The remaining steps make up your homework assignment. Now that you have a reasonably good theoretical background to build on, you’re ready to tackle Java, The Language. There are so many good resources available in this area that I won’t try to cover the same content. Some of my favorite resources are Thinking in Java (Bruce Eckel, Prentice Hall PTR) and Java in a Nutshell (David Flanagan, O’Reilly). The definitive source is the Java Language Specification, available in book form or available online (http://java.sun.com/docs/books/jls/index.html), but it's rather dry reading. Another good source is the Java Tutorial, also available either as a book or online (http://java.sun.com/docs/books/tutorial/index.html).
Are there any conceptual hurdles for the COBOL programmer that won’t be addressed in these works, which are primarily focused on programmers coming from a C/C++ background? Perhaps a few. Without getting to deeply into the details, here’s a very high-level overview over some of the things that it may be assumed you already know:
- Memory for objects is dynamically allocated when they are created, whereas storage for all your COBOL 01 level 'objects' is allocated at program load time. This is especially convenient in the case of arrays, where you can decide what size array you need at run time, rather than having to compile it in as a constant value. (Sure, OCCURS .. DEPENDING ON gives you some of this capability, but the Java syntax is more flexible).
- Control flow is quite different syntactically, since there is no PERFORM and no GOTO. However, the basic control structures in Java -- the for loop, the while loop, the case statement -- are so widely used in other languages that you'll probably already find them familiar.
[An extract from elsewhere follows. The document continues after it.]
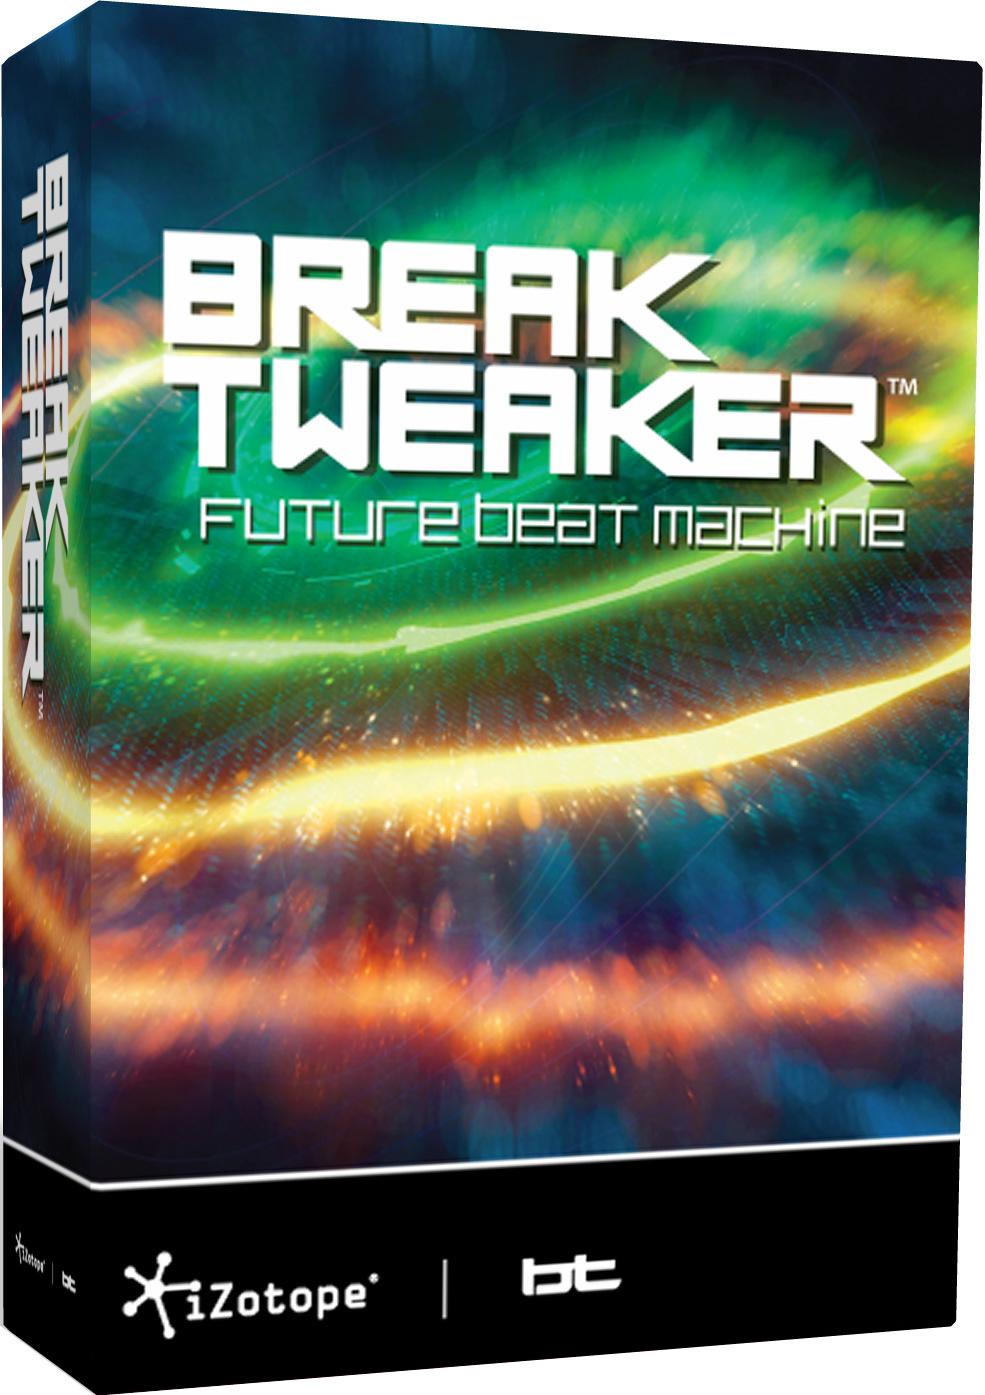 izotope_breaktweaker_box_crop

If not, it shouldn’t take long to adapt.
The real power of Java comes from how many truly useful things are already programmed for you in the core classes and the many additional APIs. For a parallel, it’s quite nice that COBOL already knows how to sort, so you don’t have to write your own sort routines. And it has string search and replace code so that you don’t have to write that code yourself, either. Add to this the subsystems that MPE provides for keyed file access, database access, form design and control, and there is a tremendous library of code available to the COBOL programmer that is ready-to-use.
Java provides an even larger standard library that saves you from having to code many commonly needed objects. Just a very brief sampling:
- The java.io package provides Files and the various classes required to create, read, write, and perform other common operations on them.
- The java.net package provides support for Sockets, InetAddresses, URLs, and the code needed to deal with objects of these types. Opening a remote URL and reading the data from a system across the Internet is just as easy (and shares much syntax with) opening a local file.
- The java.rmi package provides Remote Method Invocation, making it quite simple to write distributed applications.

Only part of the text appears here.